From Characters to Tokens: Dynamic Grouping with Hierarchical BPE

6 minute read

Published: October 16, 2025

Hierarchical tokenisation overview — Figure 1: Two-stage tokenisation—BPE patches (Tokenizer 1) followed by a tiny BPE inside each patch (Tokenizer 2).

Transformers work particularly well with sub-word tokenisations, which improve model quality and shorten sequences for faster inference. However, the gains taper off once the vocabulary becomes very large (> 500K): many tokens are rare, their embeddings are under-trained, and the bloated embedding matrix adds cost without proportional benefit. At the other end of the spectrum, character-level models avoid the rare-token problem by construction, but their sequences are much longer; with standard self-attention’s quadratic time and memory, this often makes them impractical.

Recent hierarchical approaches aim to reconcile character-level robustness with subword-level efficiency by grouping characters into patches. However, existing patching strategies often depend on whitespace-restricting applicability to languages without clear word boundaries-or require auxiliary models that introduce additional complexity and dependencies.

We propose a dynamic character-grouping method that leverages the structure of standard BPE tokenisation without auxiliary models. Specifically, we append explicit end-of-patch markers to BPE tokens and apply a second, lightweight BPE pass to regulate patch granularity. This design yields representations that are efficient, flexible, and language-agnostic, while preserving a simple training and deployment pipeline.

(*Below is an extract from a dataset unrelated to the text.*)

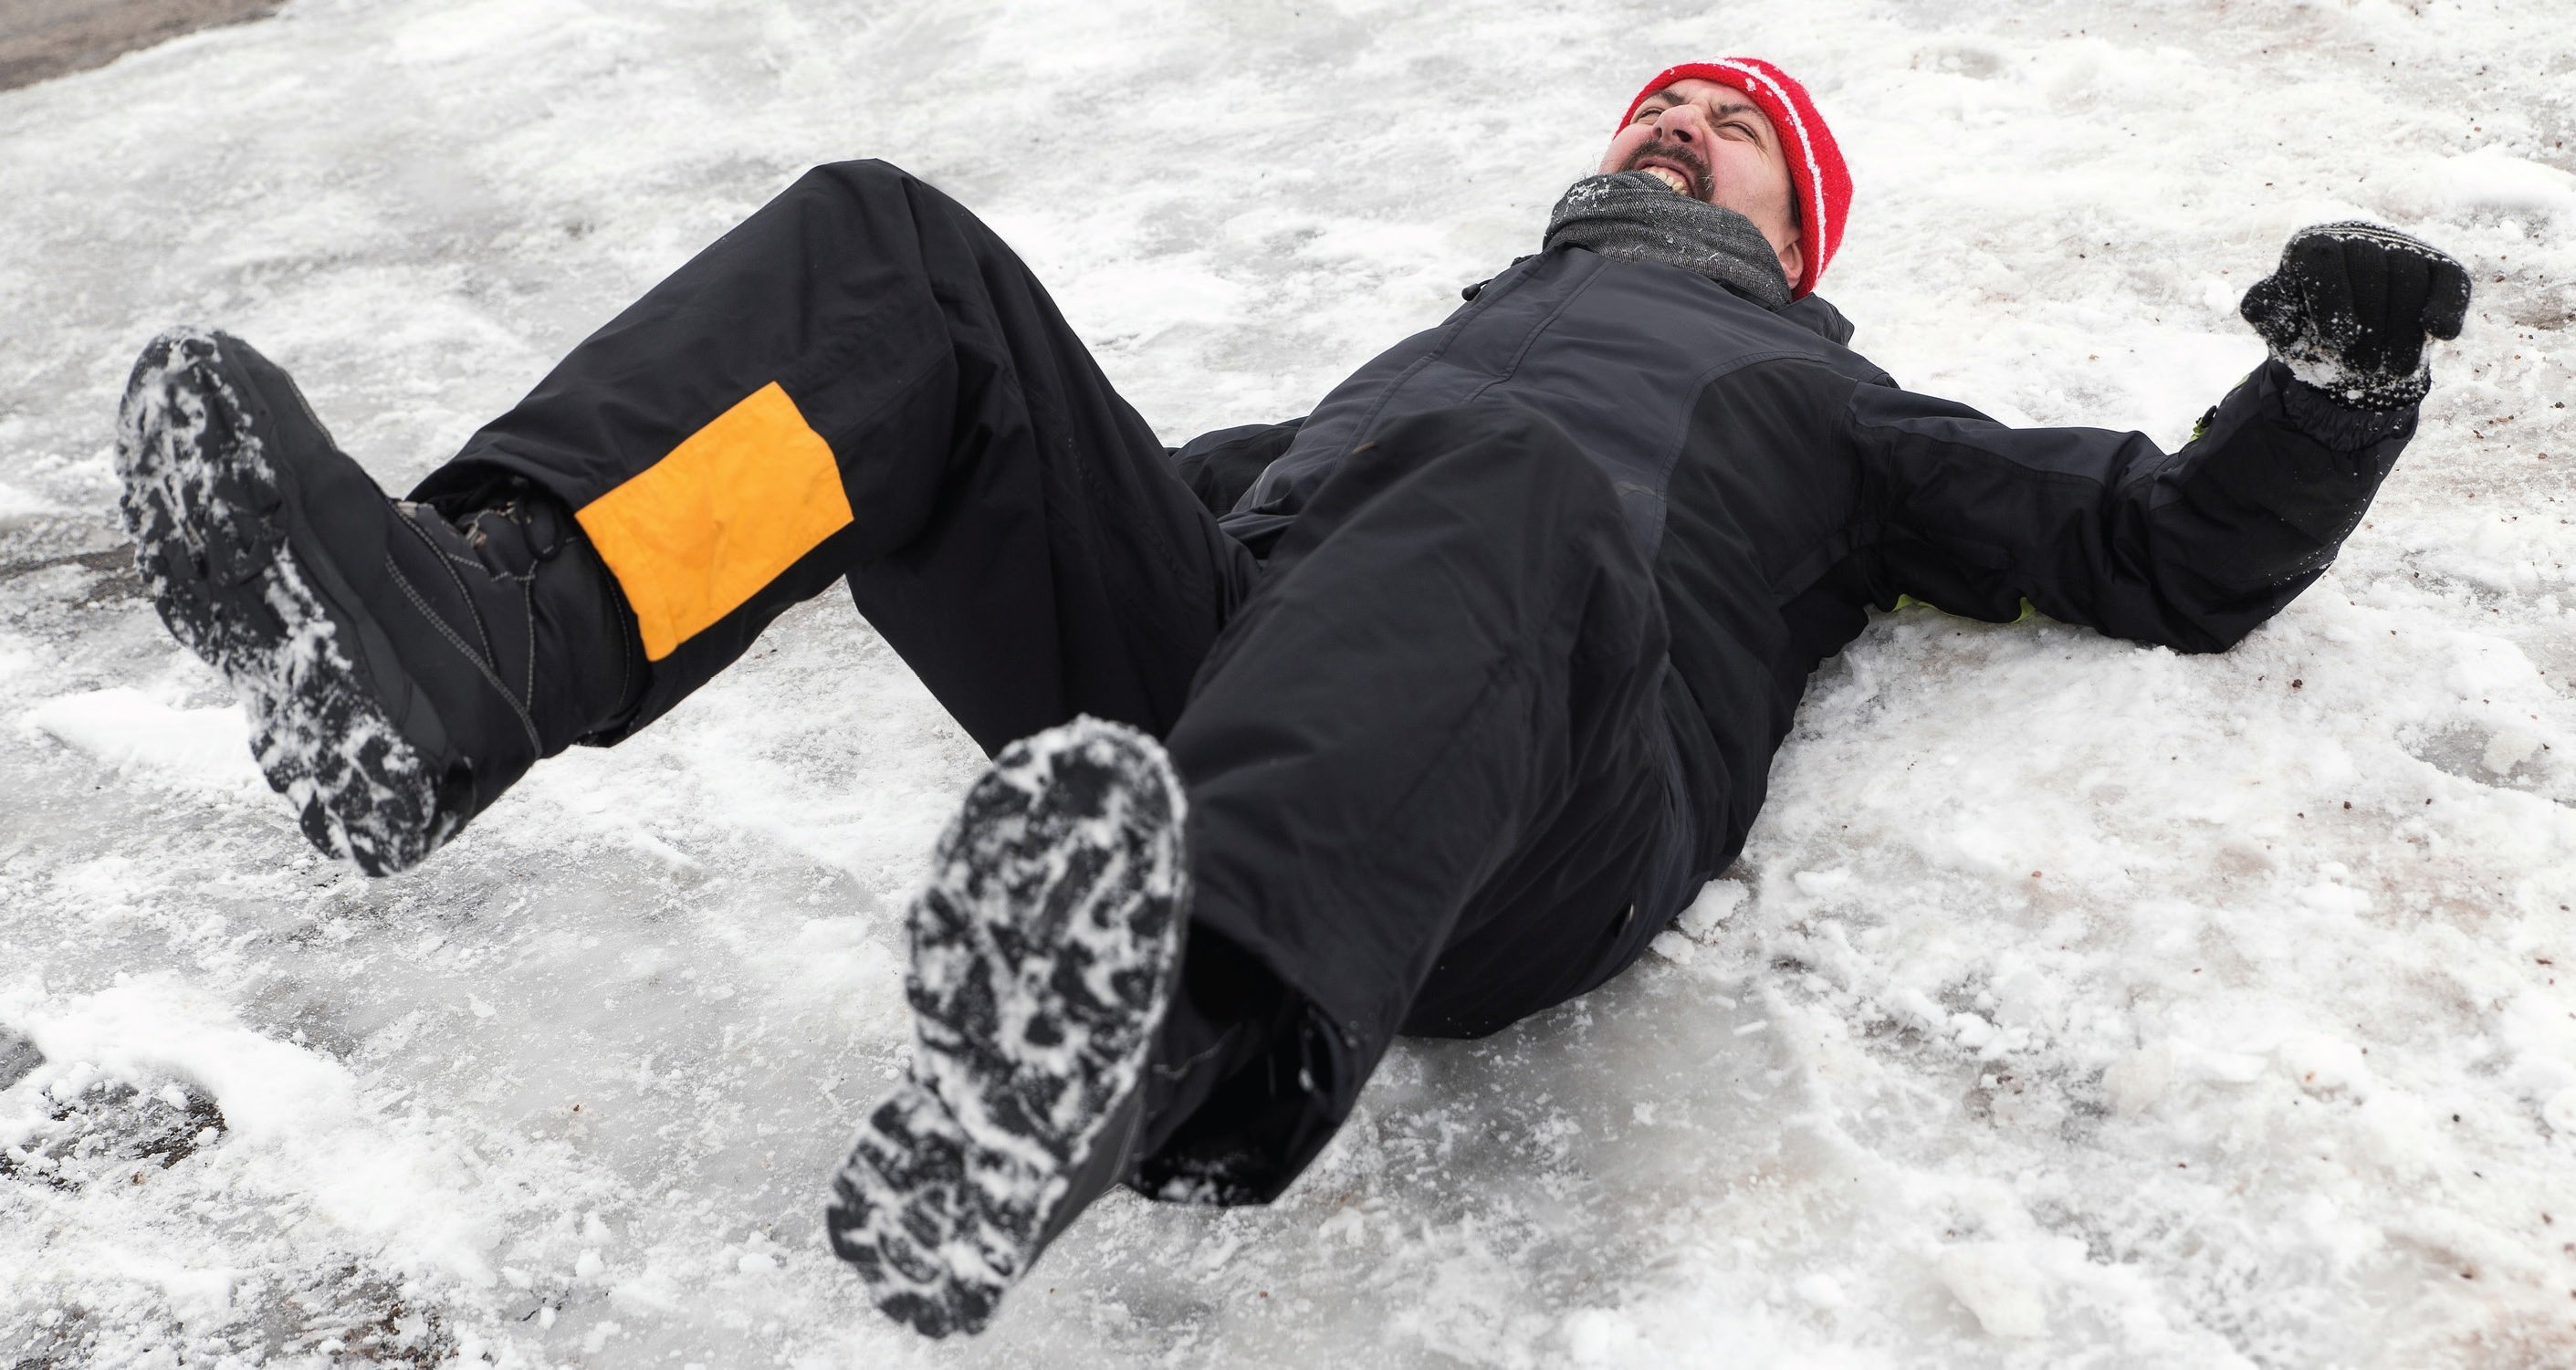 Начала часто падать. Человек падает на льду. Падение зимой.
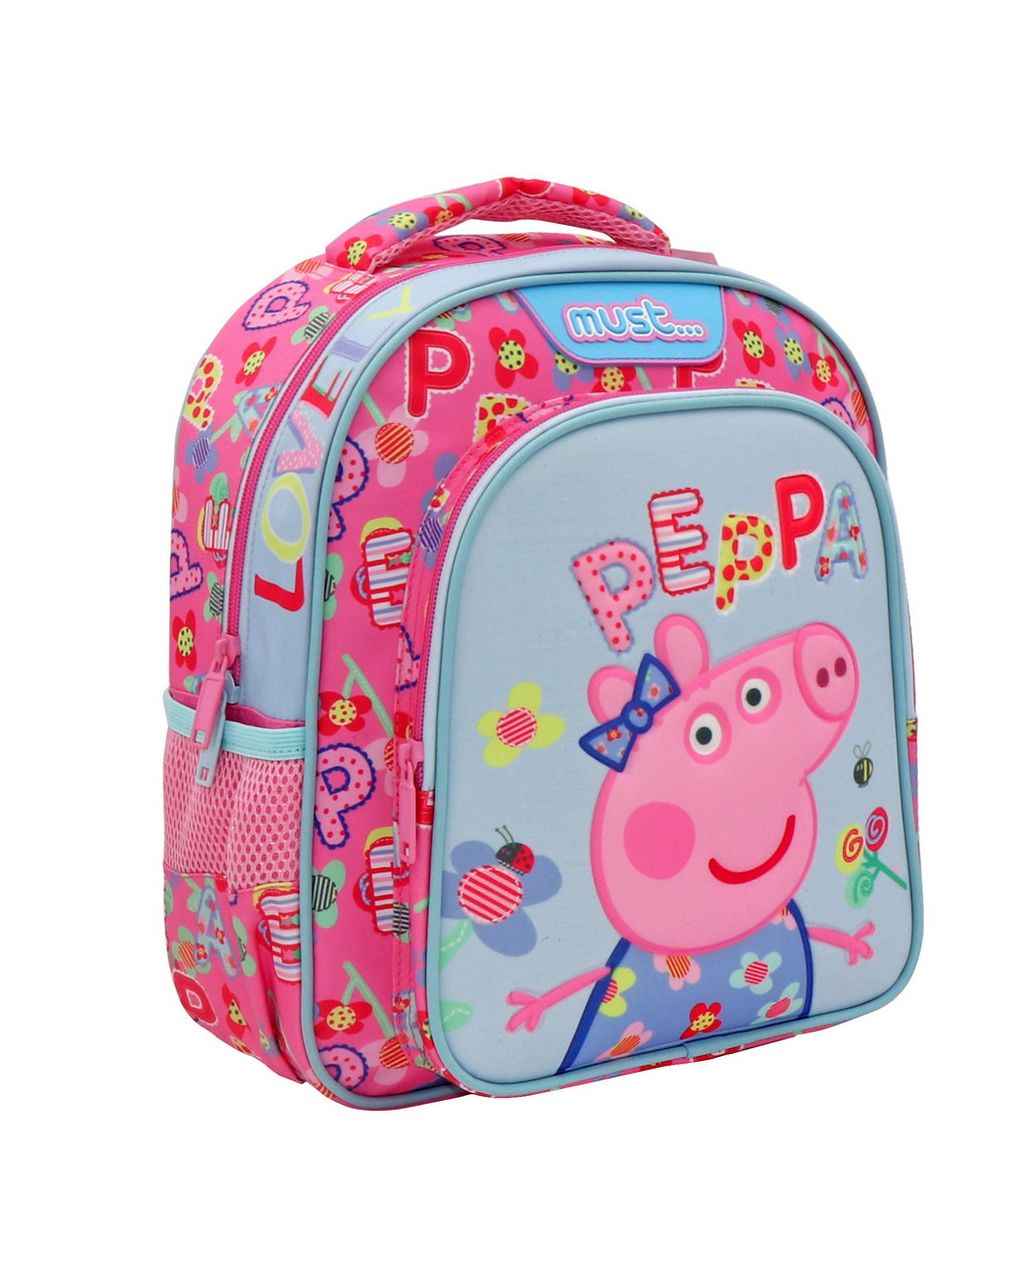 σχολική τσάντα πλάτης νηπίου peppa pig lovely must 2 θήκες  000482736 - must

Algorithm: Dynamic Patching with Two-Stage BPE

Figure 1 provides a schematic overview. Below is the procedure in a compact format.

Notation

Symbol	Meaning
`T₁`	Existing subword tokenizer (BPE; “Tokenizer 1”)
`<!>`	End-of-patch marker (EoP) appended to every `T₁` token
`T₂`	Lightweight, inner BPE (“Tokenizer 2”) applied within each patch
`S`	Maximum sub-token length per patch after `T₂` (small cap, e.g. 4–8)
`E_local` / `D_local`	Local encoder/decoder operating inside each patch
`E_global`	Global causal Transformer over patch embeddings
`c`	Raw character stream
`pᵢ`	i-th patch (characther of a `T₁` token + `<!>`)
`zᵢ`	Patch embedding produced by `E_local`

High-Level Idea (TL;DR)

Start from any existing BPE (T₁). Each token becomes a patch.
Append an end-of-patch marker <!> so decoding is incremental.
Apply a lightweight BPE (T₂) inside each patch to cap length at a small S.
Use local encoders/decoders per patch + a global causal Transformer over patch embeddings.
Outcome: faster models and state-of-the-art BPB among dynamic patching baselines—without a boundary model and without whitespace assumptions.
More details about the local and global models can be found in the architecture section.

Procedure

Outer tokenisation (patching).
Tokenise text with T₁ to obtain [t₁, t₂, …, t_N].
For each tᵢ, form a patch of characthers within the token: pᵢ = (c_1^i, c_2^i, ..., c_L^T <!>).
Within-patch compression.
For each pᵢ, apply T₂ to obtain a bounded sequence
uᵢ = T₂(pᵢ) with |uᵢ| ≤ S.
Local encoding.
Encode uᵢ with E_local to produce a fixed-size embedding zᵢ.
Global modelling.
Feed the sequence [z₁, z₂, …, z_N] to E_global (causal Transformer) for autoregressive modelling over patches.
Decoding (incremental).
During generation, E_global predicts the next patch representation;
D_local decodes uᵢ → pᵢ, then strip the EoP ⟂ to recover tᵢ and characters.

Architecture

Local encoder: turns each bounded-length patch into an embedding.
Global Transformer: models the sequence of patch embeddings (short!).
Local decoder: reconstructs the next patch internally during training/inference.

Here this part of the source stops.